If the document supports text-area extraction, call #getTextAreas(int, com.groupdocs.parser.options.PageTextAreaOptions).getTextAreas(int, com.groupdocs.parser.options.PageTextAreaOptions) and emit one TemplateField per non-empty text area, named {prefix}_{n} (default prefix “Field” ). Each field gets a TemplateFixedPosition at the text area’s rectangle, with the page’s width recorded as pageWidth so subsequent template scaling works.
If the document does not support text areas, return null .
OCR caveat
The C# implementation runs OCR over the page preview to derive fields when the document is image-only. Java’s OcrConnectorBase is user-supplied, so OCR-driven generation is only meaningful if a connector is configured AND the connector’s recognizeTextAreas(…) returns proper rectangles. When options.getOcrOptions() is set and a connector is available, the OCR pipeline is preferred.
The generation options. May be null (defaults applied).
Returns:
java.lang.Iterable<com.groupdocs.parser.templates.TemplateItem> - An iterable of generated TemplateItems, or null if not supported by this document format.
getWorksheetInfo()
public Iterable<WorksheetInfo> getWorksheetInfo()
Extracts the info about all worksheets in the spreadsheet.
Returns:
java.lang.Iterable<com.groupdocs.parser.data.WorksheetInfo> - A list of WorksheetInfo instances that contains info about all worksheets in the spreadsheet.
getWorksheetInfo(int worksheetIndex)
public WorksheetInfo getWorksheetInfo(int worksheetIndex)
public DocumentData parseByTemplate(TemplateCollection templates, ParseByTemplateOptions options)
Parses the document by automatically selecting the best-matching template from a collection.
Mirror of the C#
Parser.ParseByTemplate(TemplateCollection, ParseByTemplateOptions)
introduced in commit 71f3f21.
Selection heuristic (Java port): each candidate template is applied via
#parseByTemplate(Template, com.groupdocs.parser.options.ParseByTemplateOptions).parseByTemplate(Template, com.groupdocs.parser.options.ParseByTemplateOptions), and the template that yields
the highest number of populated fields (non-null page areas with non-empty text) wins. The C# implementation uses
hidden-marker matching against an OCR pass; that path is not yet available in Java because hidden-field markers and
the OCR-driven TemplatePageOcrParser aren’t ported, so this populated-field count is used as a transparent fallback.

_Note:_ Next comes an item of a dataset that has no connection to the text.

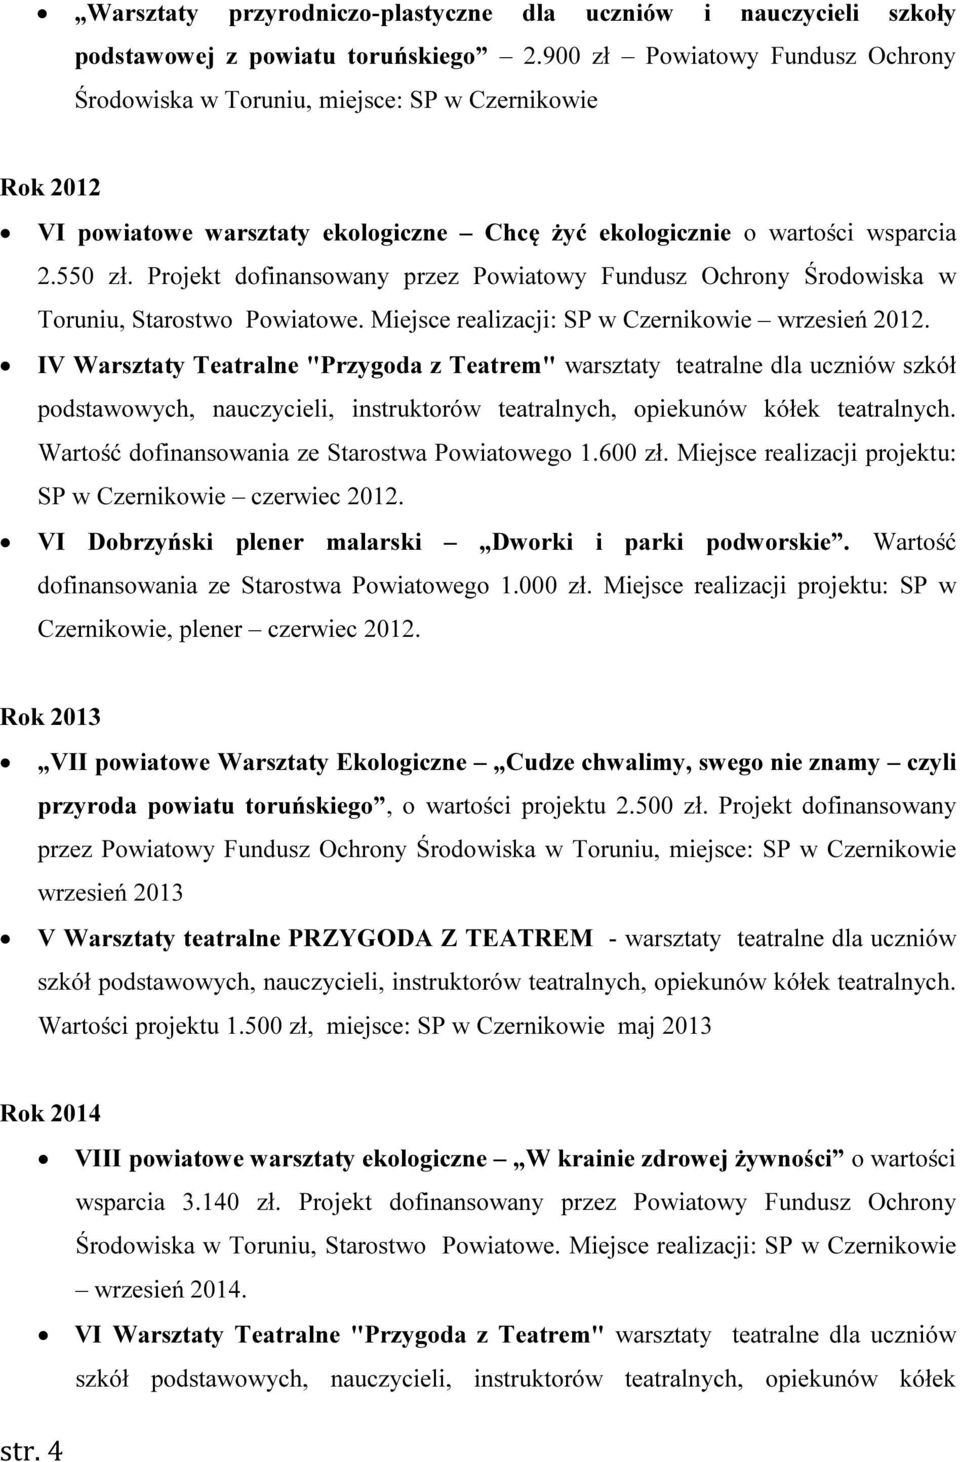 Projekt dofinansowany przez Powiatowy Fundusz Ochrony Środowiska w Toruniu, Starostwo Powiatowe. Miejsce realizacji: SP w Czernikowie wrzesień 2012.

Callers that need C#-identical behavior should plug in a custom selector once the OCR engine is wired.
Returns:DocumentData - The extracted data with DocumentData.getTemplate() set to the selected template, or null if the document does not support parsing-by-template or the collection is empty / produced no result.
The following example shows how to parse a form of the document:
// Create an instance of Parser class
try (Parser parser = new Parser(Constants.SampleFormsPdf)) {
// Extract data from PDF document
DocumentData data = parser.parseForm();
// Check if form extraction is supported
if (data == null) {
System.out.println("Form extraction isn't supported.");
return;
}
// Iterate over extracted data
for (int i = 0; i < data.getCount(); i++) {
System.out.print(data.get(i).getName() + ": ");
PageTextArea area = data.get(i).getPageArea() instanceof PageTextArea
? (PageTextArea) data.get(i).getPageArea()
: null;
System.out.println(area == null ? "Not a template field" : area.getText());
}
}
Returns:DocumentData - An instance of DocumentData class that contains the extracted data; null if parsing by template isn’t supported.